次日,卯时苗道人即进厨房煮了一碗面,踏上征途天色微明,他使出道法30华里只用30分钟,到达小南门,城里人才进早餐。从小南门到衙门口,苗道人用凡人步伐足足花去23分钟,他气都没歇就借来桌子板凳,摆好,测字需要的一切东西。
此时,老大娘和她女儿已迈着轻盈的步伐来到。待苗道人刚把东西摆好,她两人唰地站在桌子面前。
苗道人高兴地说:“请坐,请坐。”二人坐下,苗理圭递去字筒:“请”。
青年女子伸着手从纸条筒里拈了一个纸卷递给苗道人。苗道人展开字条,是个“含”字,便问道,“小娘子,要问何事。”青年女人答道:“我丈夫出外三年不归,又无书信,这个年代到处兵荒马乱,不知他人还在不在?”苗道人掐指一算答道“还在。”年轻女子又问道:“他回不回来,好久回来?”苗道人笑着:“恭喜姑娘,他今晚酉时必定回来!”青年女人高兴地“真的?”“真的。”老大娘表示不信,苗道人诚恳地说:“贫道不敢信口开河。”老大娘才转忧为喜说道:“幸好来测字,要不然他回来了还不知道。”“快去办酒菜吧。”苗道人示意两人赶快回家。青年女人兴奋地:“我丈夫若是如期回来,我请苗道长陪他喝两盅。”“不用姑娘请我都会来。”青年女人手舞足蹈地“太好了,太好了。”老大娘躬身说道“多谢苗道长。”她言罢拍一下女儿的肩:“走,割肉打酒去。”
母女俩走了,测字摊前还有仨人。其中一个农夫打扮的青年好像读过几年鸡婆学(旧时私塾学习),他有礼貌地问道:“先生我请问一事,不是测字,不知该不该问?”“想问便问。”“刚才那大姐拈的“含”字你凭什么断定她的丈夫今天晚上回来?”“问得好,问得好,如果你不问,看官还会认为我苗理圭哗众取宠,其实测字有测字之道理,……”“学生不解,请先生指教。”“你是读书人,这“含”字折开来不就是人、“今、口、字”吗?

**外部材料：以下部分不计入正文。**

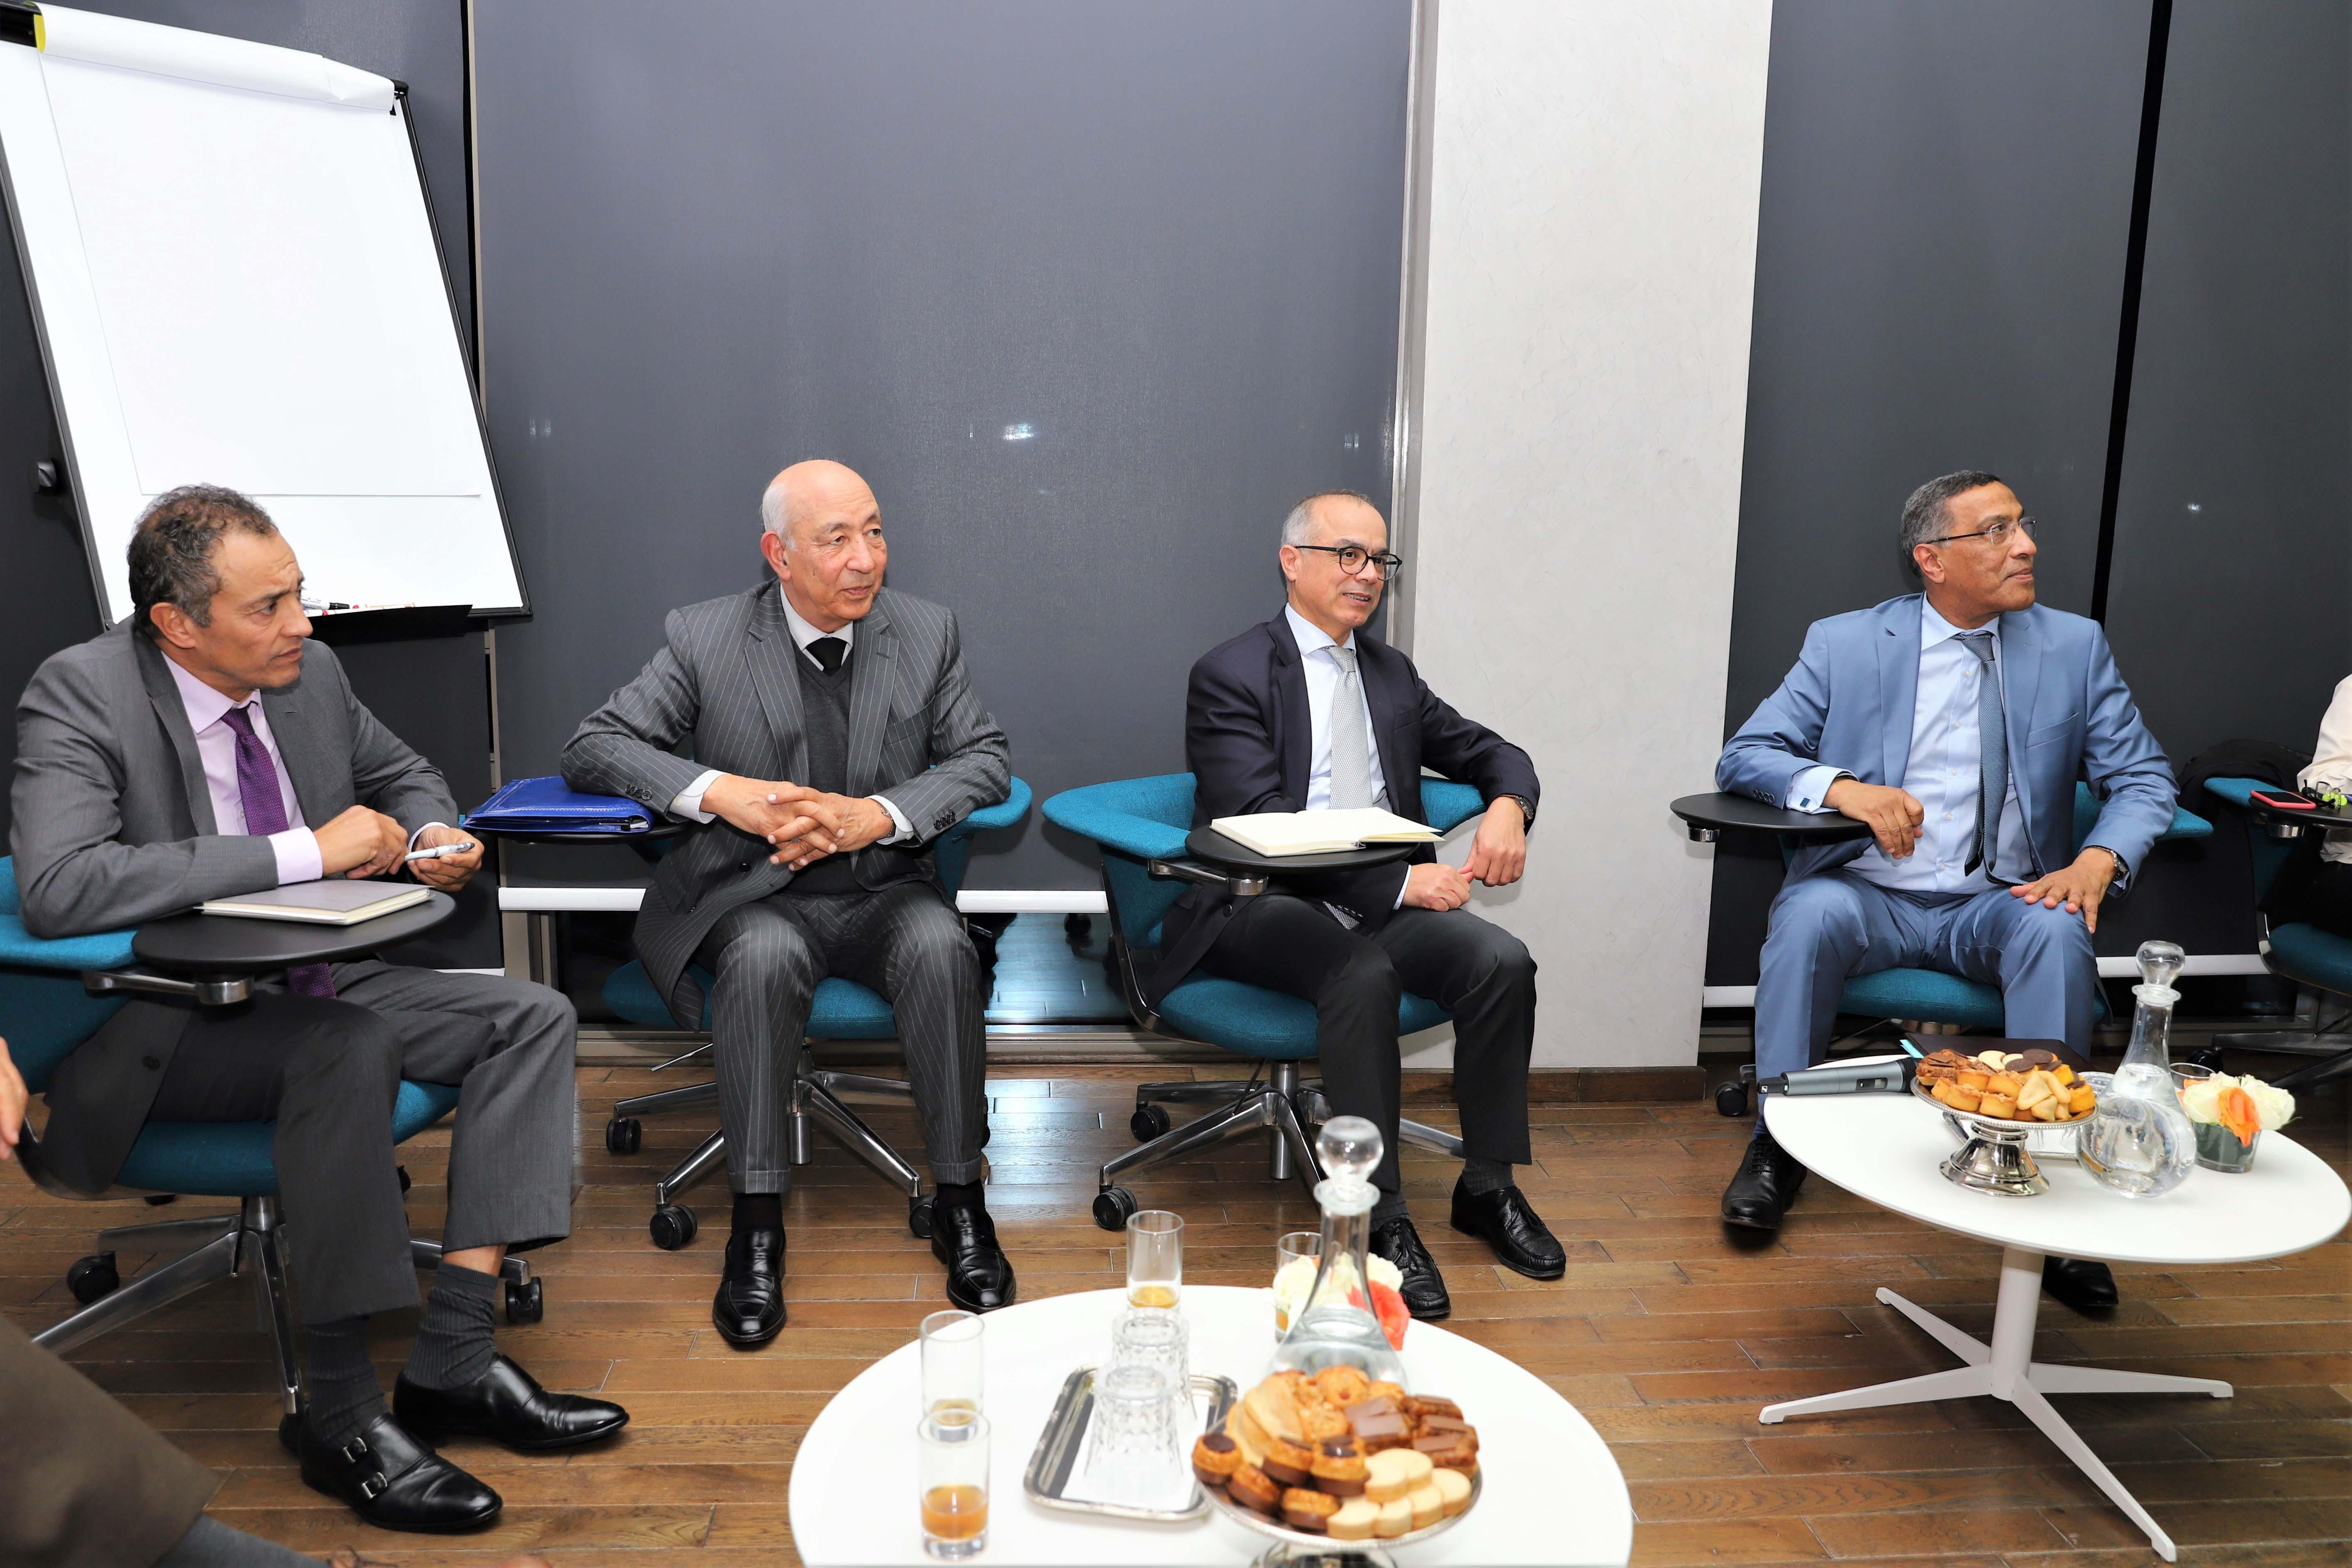 النموذج التنموي الجديد: الاتحاد المغربي للشغل يدعو لضمان ظروف العمل اللائق وتحقيق العدالة الجبائية

今字以人字为头,人字下面还有一点,那种人下面有一点呀?只有男人下面才有,女人是没有的,那又在点下以7接触口。口者嘴唇也。连(联)起来就是……冬月间天气短,今天7点钟不就是酉时吗,酉时后二人接触嘴唇,什么人才能这样亲密呢?”
“当然就是夫妻了。”“明白了吧?”“明白了,谢先生。”“不用谢。”那位好问的青年走了,测字的人接踵而来,苗理圭一直忙到下午近7点钟,收摊后本该回寺庙,但想到测字女青年人的“邀约”问题尚未彻底解决,便慢步从富顺县城去豆花村。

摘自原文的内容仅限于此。